Самонадеянность Базилевича была бы смешною, когда бы не искренность, придавшая ей почти героическую ноту, но все же что-то в нем отдавало театром, жаждой успеха, и это портило впечатление, — юноши слушали его удивленно, но без особой симпатии. Базилевич высокомерно глянул на них и умолк.
— Ну, а ты, пан Болеслав? — спросил после его пылкой речи Щерба, обращаясь к Мшинскому. — С чем ты едешь в Вильно?
— Поступаю на юридическое! Буду изучать право!
— Ха, ха! Как бы тебе, изучая право, не свернуть налево, — вмешался в их разговор Базилевич, — и такой кус хлеба часто бывает лучше других.
— Уж позволь, и наука эта тоже лучше других! — с некоторой обидой воскликнул Болеслав.
— Науки о праве я не понимаю, — отозвался, не переставая уплетать, самоуверенный пришелец. — Все права бог записал в груди человеческой, а история права — всего лишь признание человеческих грехов и заблуждений. К чему это изучать?

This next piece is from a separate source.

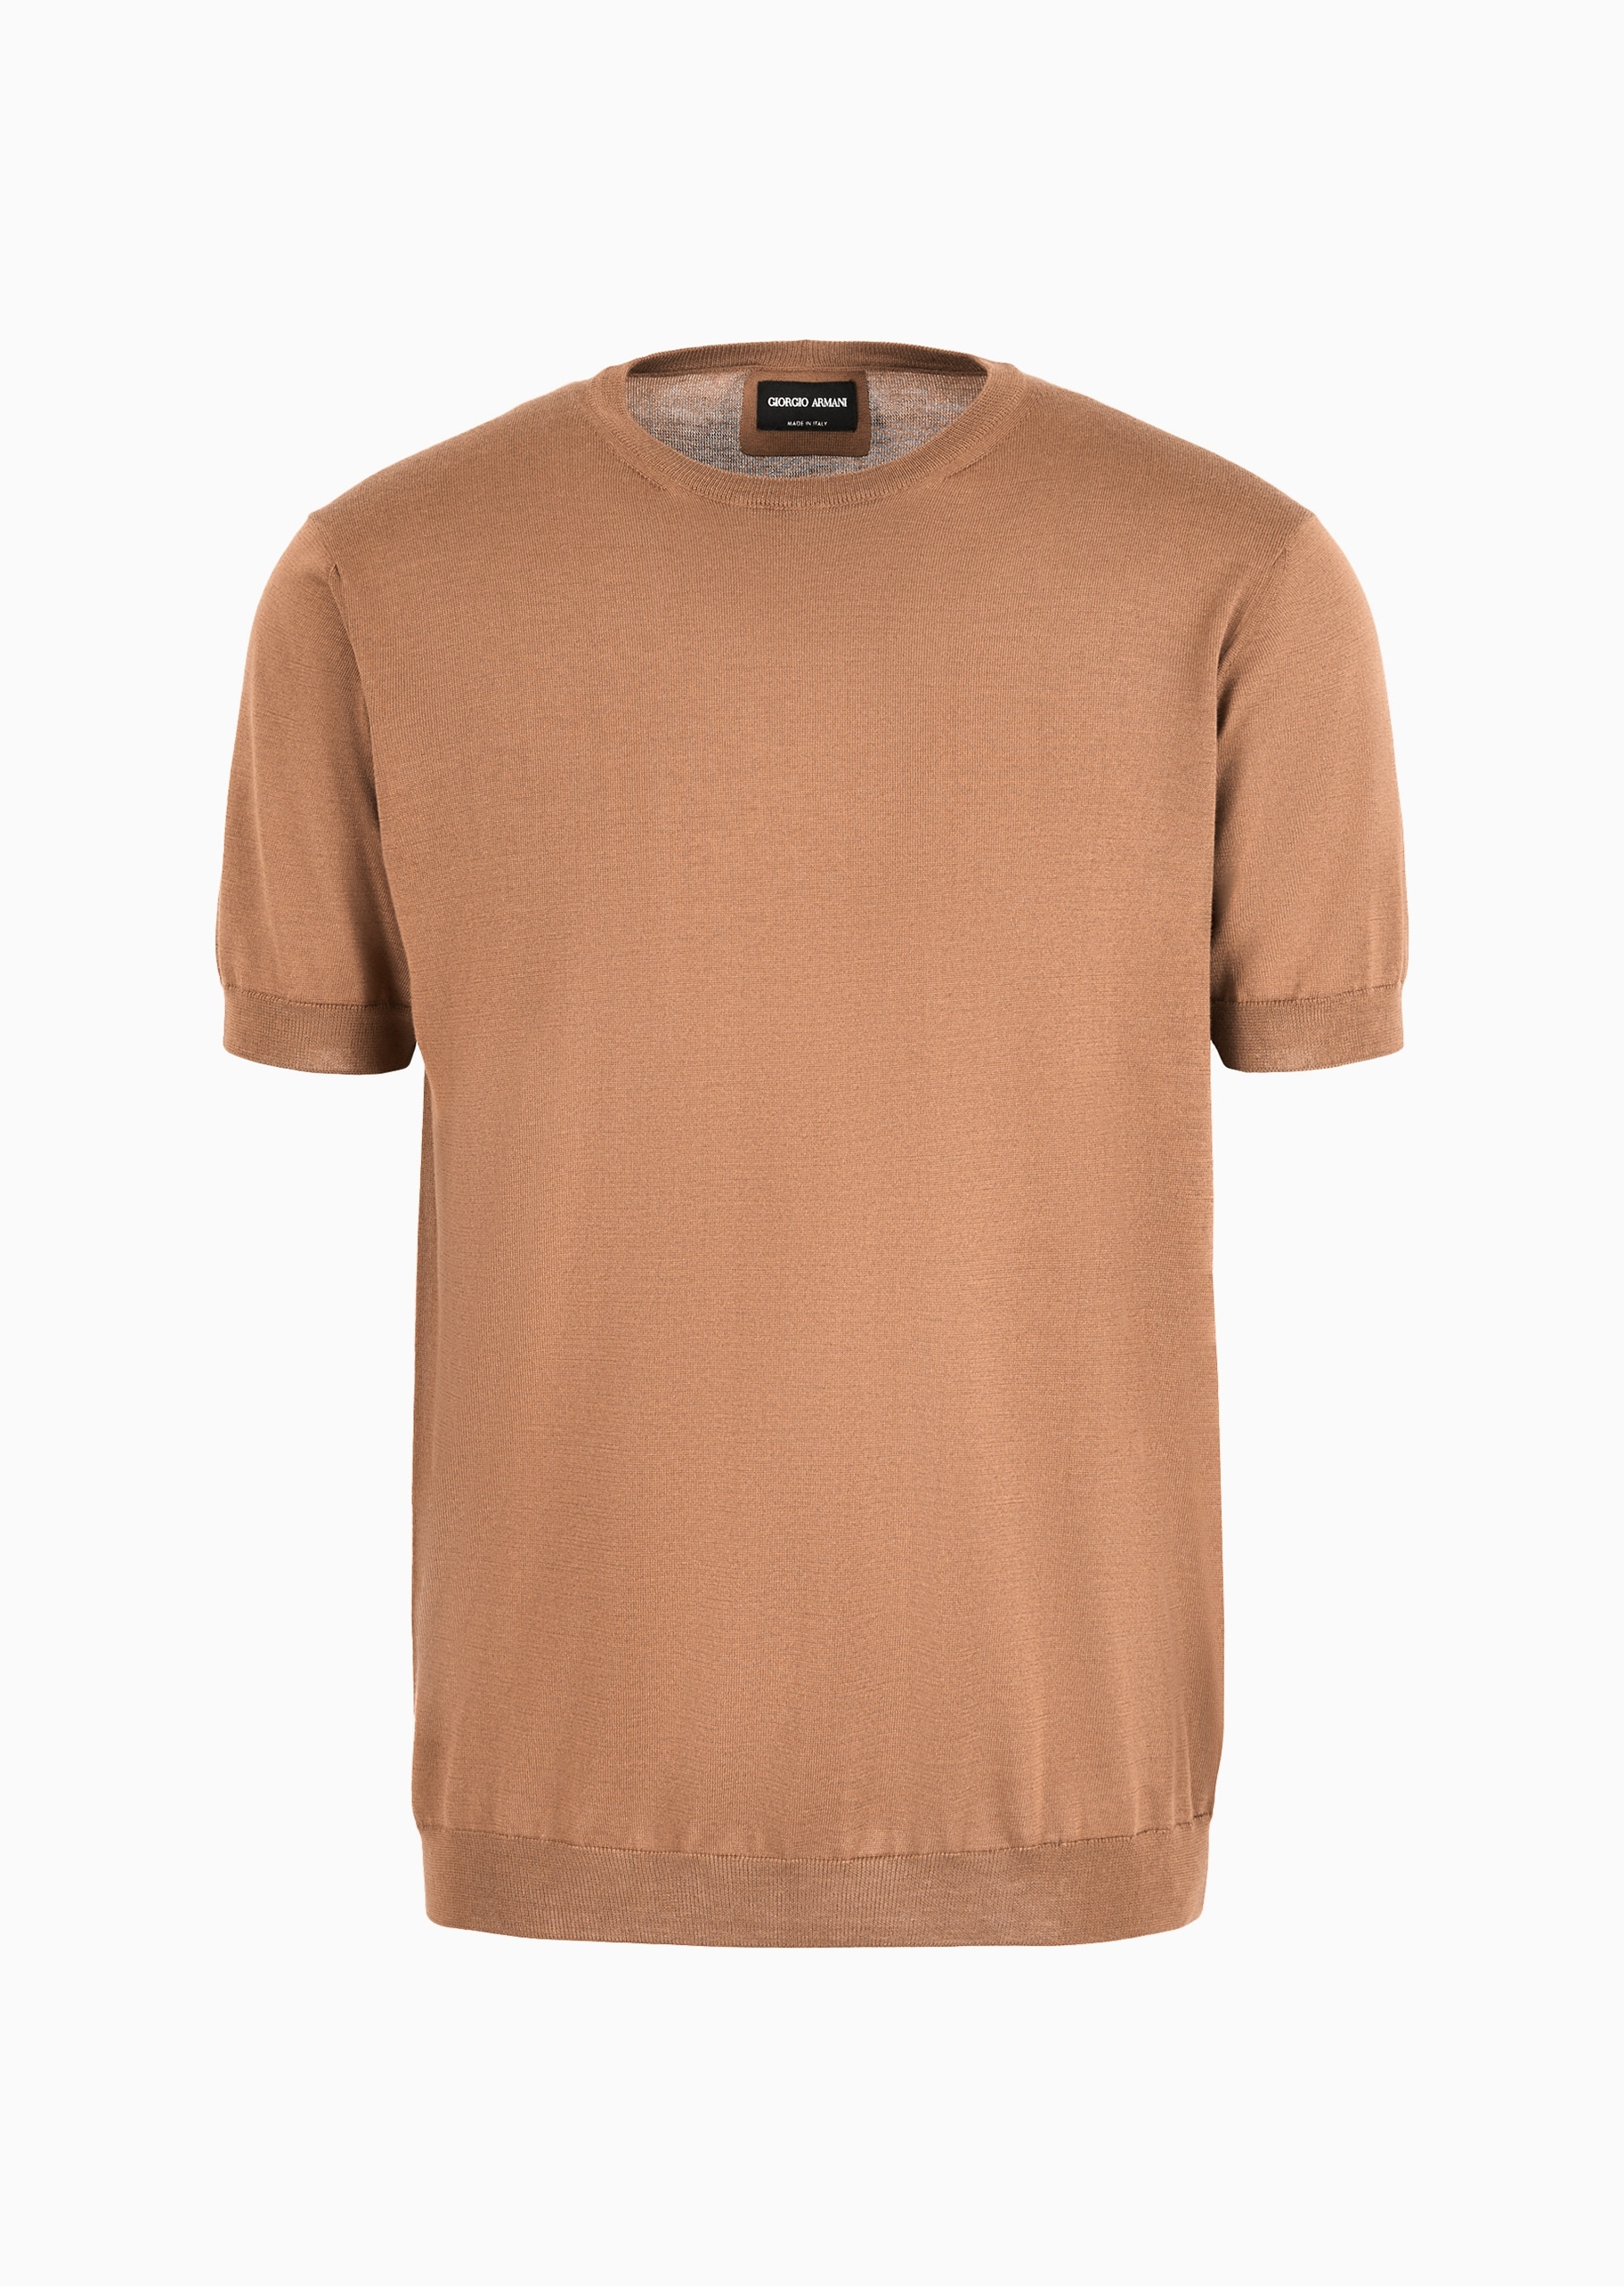 Giorgio Armani 男士合身短袖圆领休闲纯色针织T恤

— А ты, Михалушка, куда идешь? — спросил Болеслав, словно не слыша этого рассуждения, потому что не хотел ссориться, а Базилевич сильно его раздражал.
— Я-то, ей-богу, скажу вам, сам не знаю, что со мной будет, — смеясь, отвечал Жрилло. — Родителей у меня нет, чтобы мною руководить, опекун дает мне полную свободу выбора, особой склонности к чему-либо я не испытываю. Вот поосмотрюсь, поразведаю, а пока сам не знаю, что мне придется по сердцу.
— И сердца послушаешь ты, — продекламировал Базилевич, — за что я хвалю и решенье твое одобряю.
— Ago gratias![19] — с низким поклоном ответил Михал.
— Ну, теперь очередь Корчака исповедаться, — весело продолжал Болеслав. — Что же ты-то думаешь, достойнейший наш драгун!
— Вот незадача! — засмеялся рослый и усатый Корчак, беззлобно принимая прозвище. — Видать, вы меня до университета будете драгуном дразнить! Чем же я виноват, что вас перерос и похож на капитана драгунов? Так знайте, что я собираюсь стать ксендзом, и все вы, сколько вас тут есть, вскорости будете мне целовать руку!
— Ха, ха! — дружно расхохотались приятели. — Наш Корчак — приходский ксендз, каноник, а может, и епископ! Ей-богу, что-то не верится, — это он-то, который еще в пятом классе закрутил отчаянный роман в сопровождении гитары…
— Вот именно, я раньше других начал, потому раньше других и кончил, — печально ответил Корчак. — Ничего не поделаешь, меня ждут ксендзовская ряса и тонзура на темени.
— Выходит, нас здесь, — стал считать Павел Щерба, — два доктора, ксендз, литератор, законник и — ну, Жрилло, решай же поскорей, чтобы я знал, как тебя величать.
— Давайте погадаем на узелках! — воскликнул Болеслав, доставая платок. — Пусть сама судьба решит кем ему быть.
— Вот и славно! Может, тогда мне будет легче выбирать, — со смехом сказал Жрилло. — Ладно, буду повиноваться велению всемогущего рока.
— На, тяни, и пусть вопрос о твоей судьбе решится так же легко, как развяжется этот гордиев узел! — торжественно произнес Болеслав. — Четыре уголка, каждый с особым узлом, обозначают богословие, медицину право и словесность, о философии говорить не стоит, я помню что тебе всегда надо было подсказывать, даже сколько будет девятью девять.
Жрилло подошел к нему, постоял, подумал и резко выдернул узелок.
— Ну, и что ж это означает? — спросил он, с любопытством его рассматривая.
— Пострижение и быть тебе ксендзом! — засмеялся Болеслав.
— Ну, нет, молвил Жрилло, — уж этого-то, пожалуй, не будет.
— Эх вы, дети, дети! — отозвался со своей скамьи Базилевич. — Счастливые, что можете так шутить с судьбой.
— И над судьбой, и над судьбой! — повернувшись на каблуках, подхватил Жрилло. — Ксендз или не ксендз а я предлагаю продолжить путь, а то темнеет, до Вильно по песку еще порядочно ехать, и я сильно сомневаюсь, чтобы к нашему приезду в городе устроили иллюминацию, так что торбу на плечо — и на постоялый двор!